Activity – Each line of data below is to be returned exactly, leaving out any picture.

Data –
━━━━━━━━━━

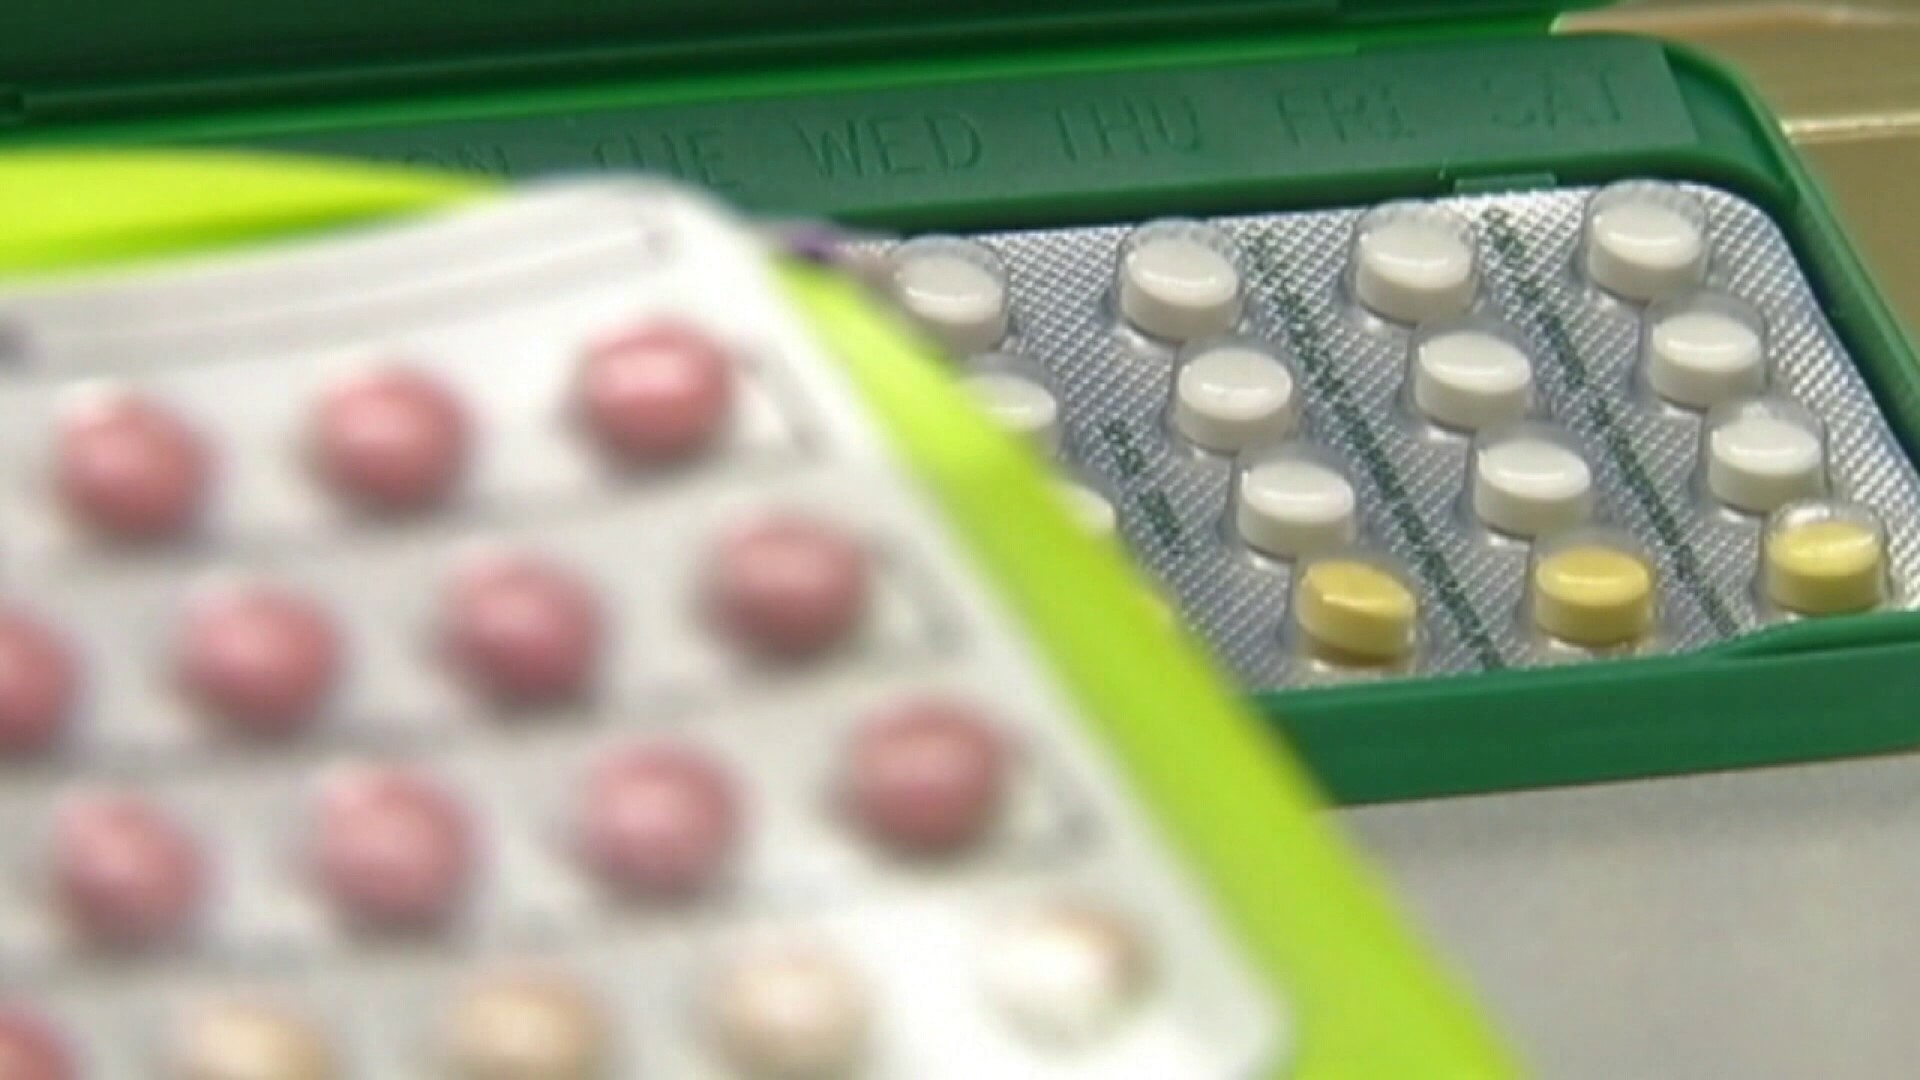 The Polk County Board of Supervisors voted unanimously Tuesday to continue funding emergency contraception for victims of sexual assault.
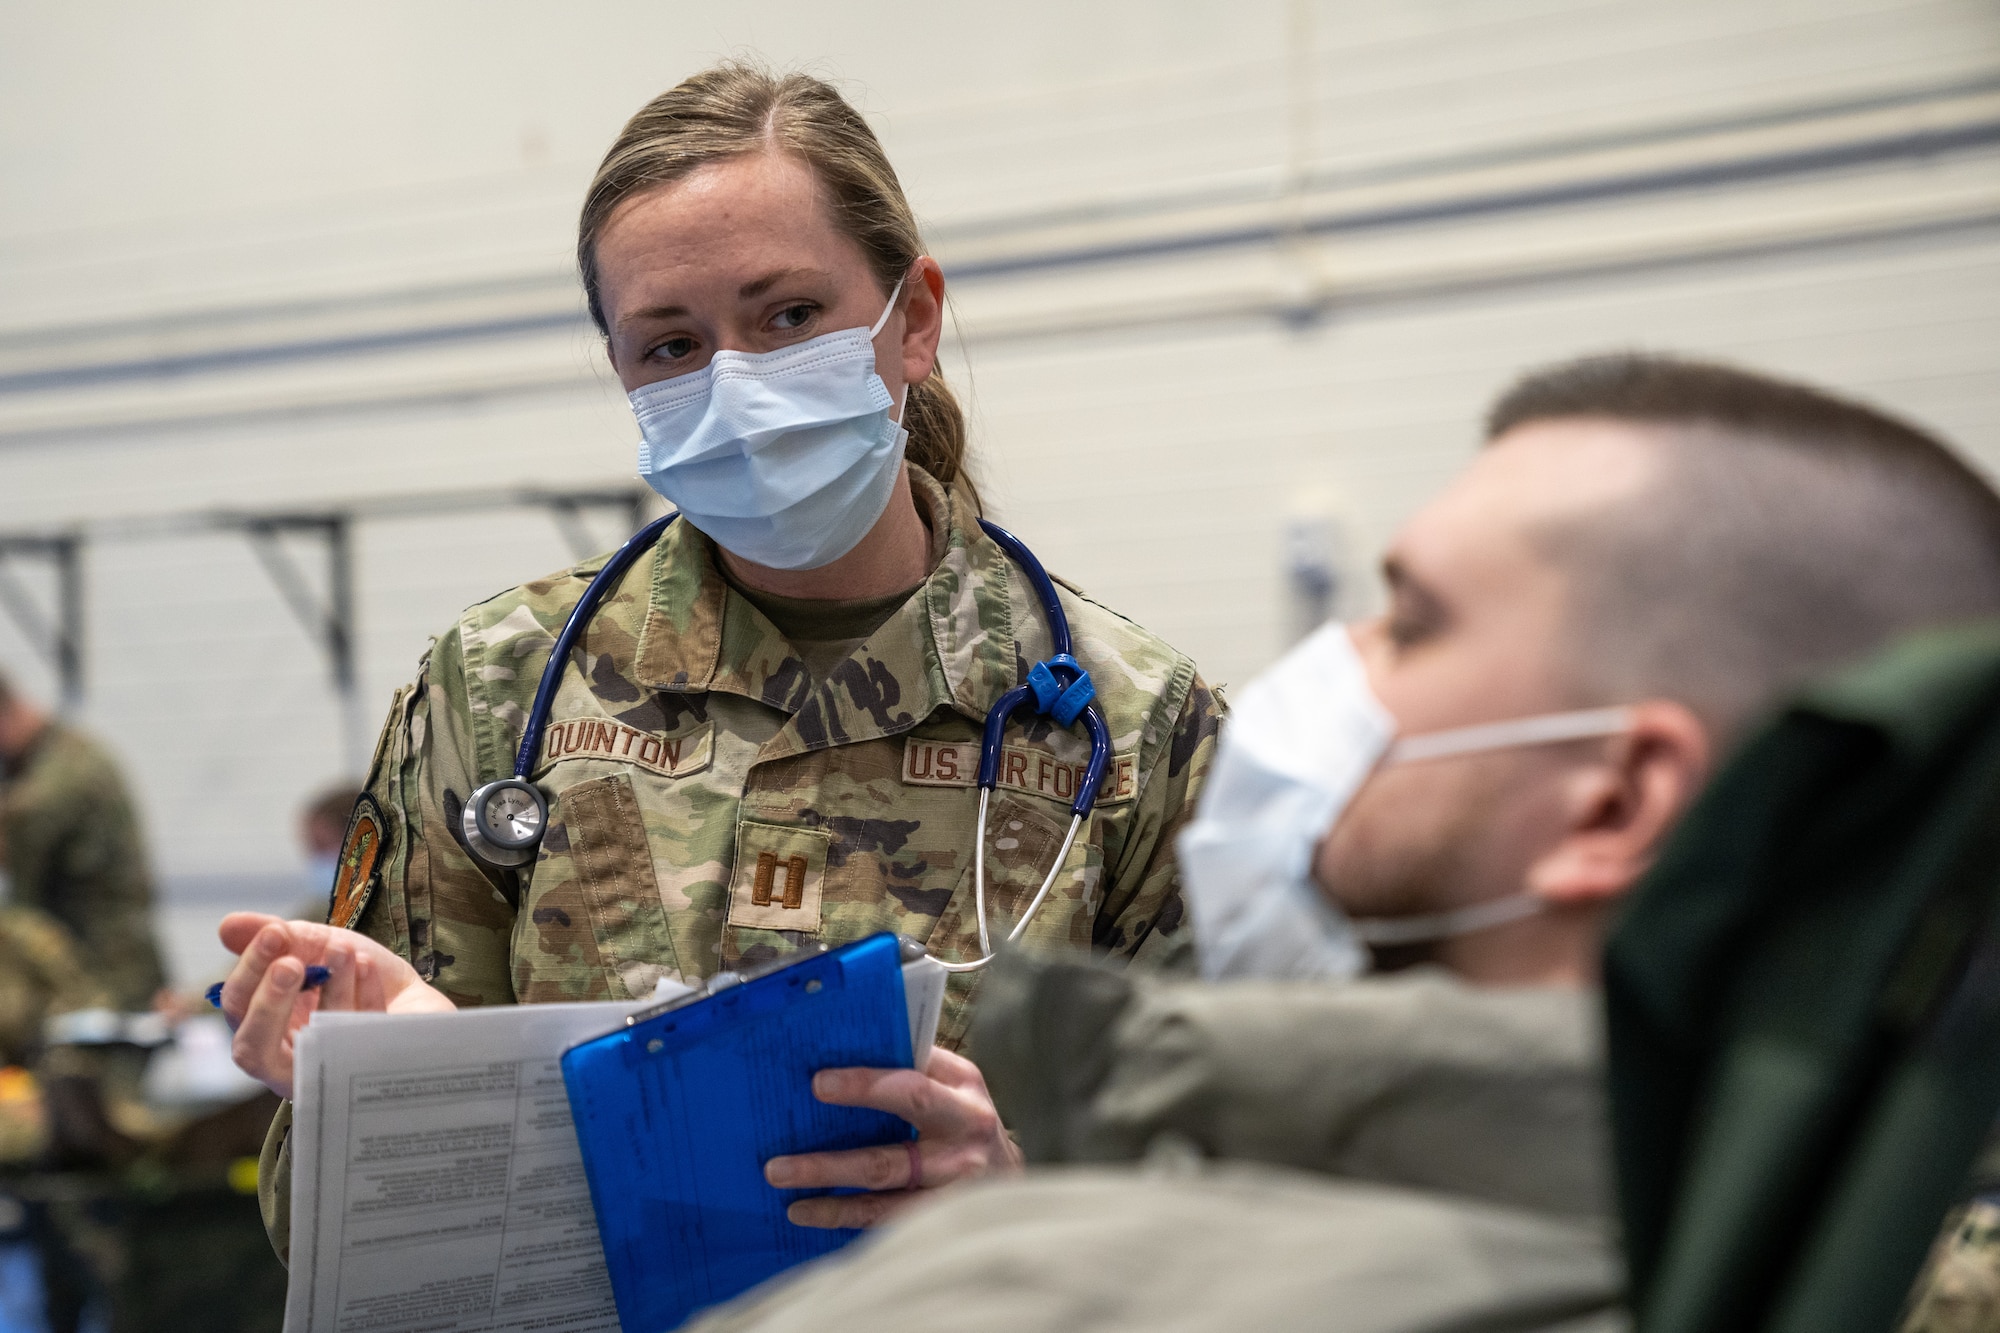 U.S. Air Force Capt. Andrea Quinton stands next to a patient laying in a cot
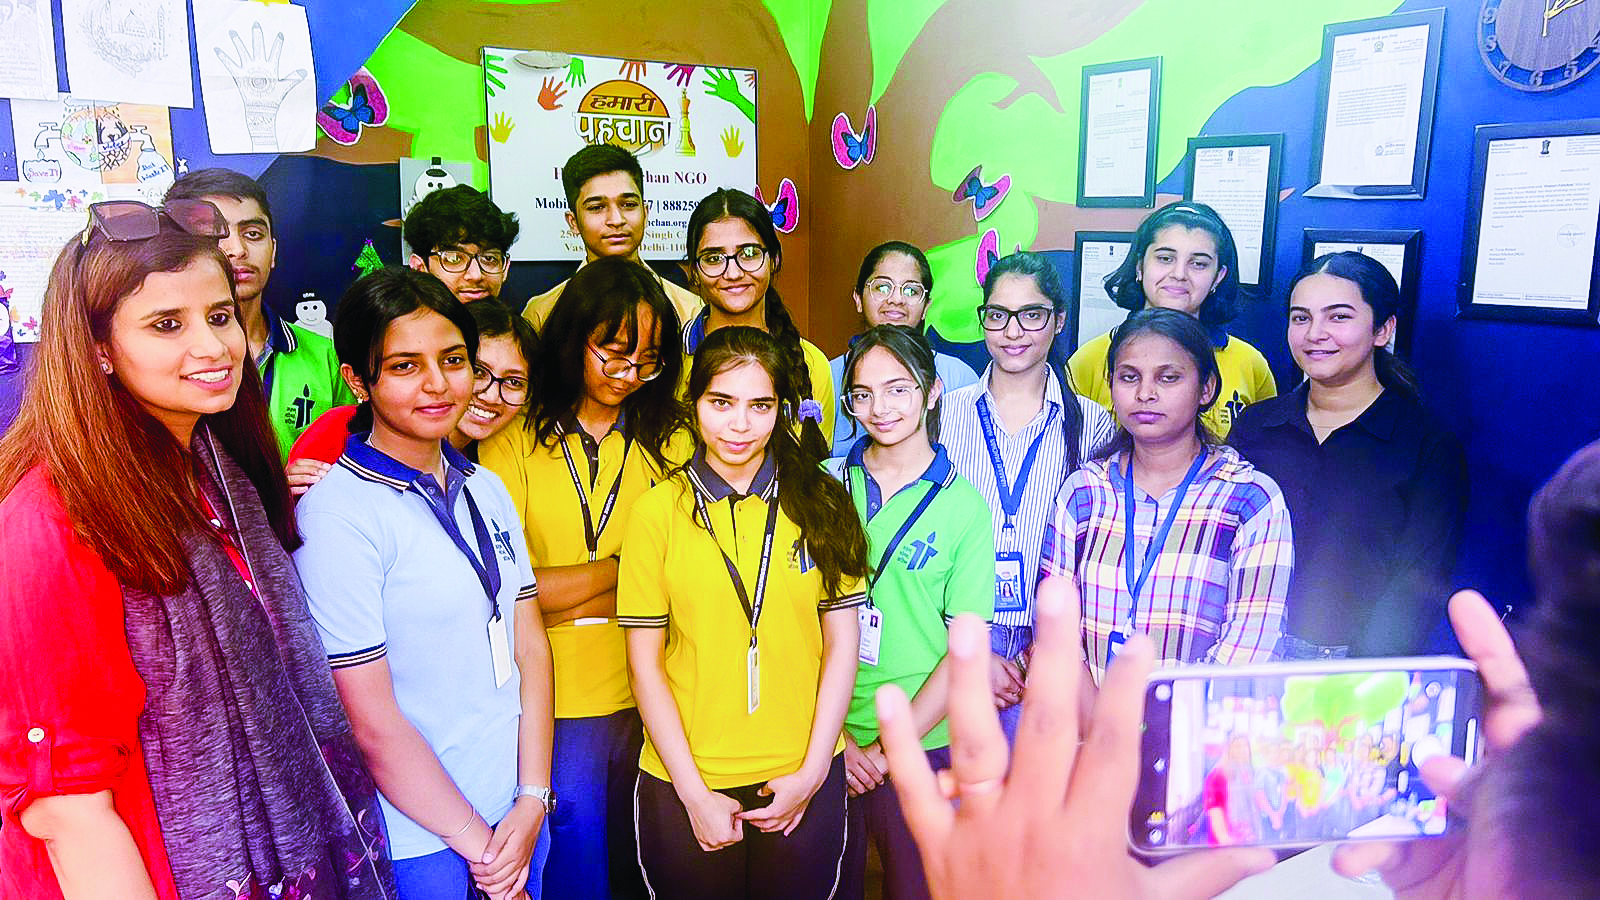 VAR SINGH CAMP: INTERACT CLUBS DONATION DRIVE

━━━━━━━━━━

Exercise answer –
 The Polk County Board of Supervisors voted unanimously Tuesday to continue funding emergency contraception for victims of sexual assault.
 U.S. Air Force Capt. Andrea Quinton stands next to a patient laying in a cot
 VAR SINGH CAMP: INTERACT CLUBS DONATION DRIVE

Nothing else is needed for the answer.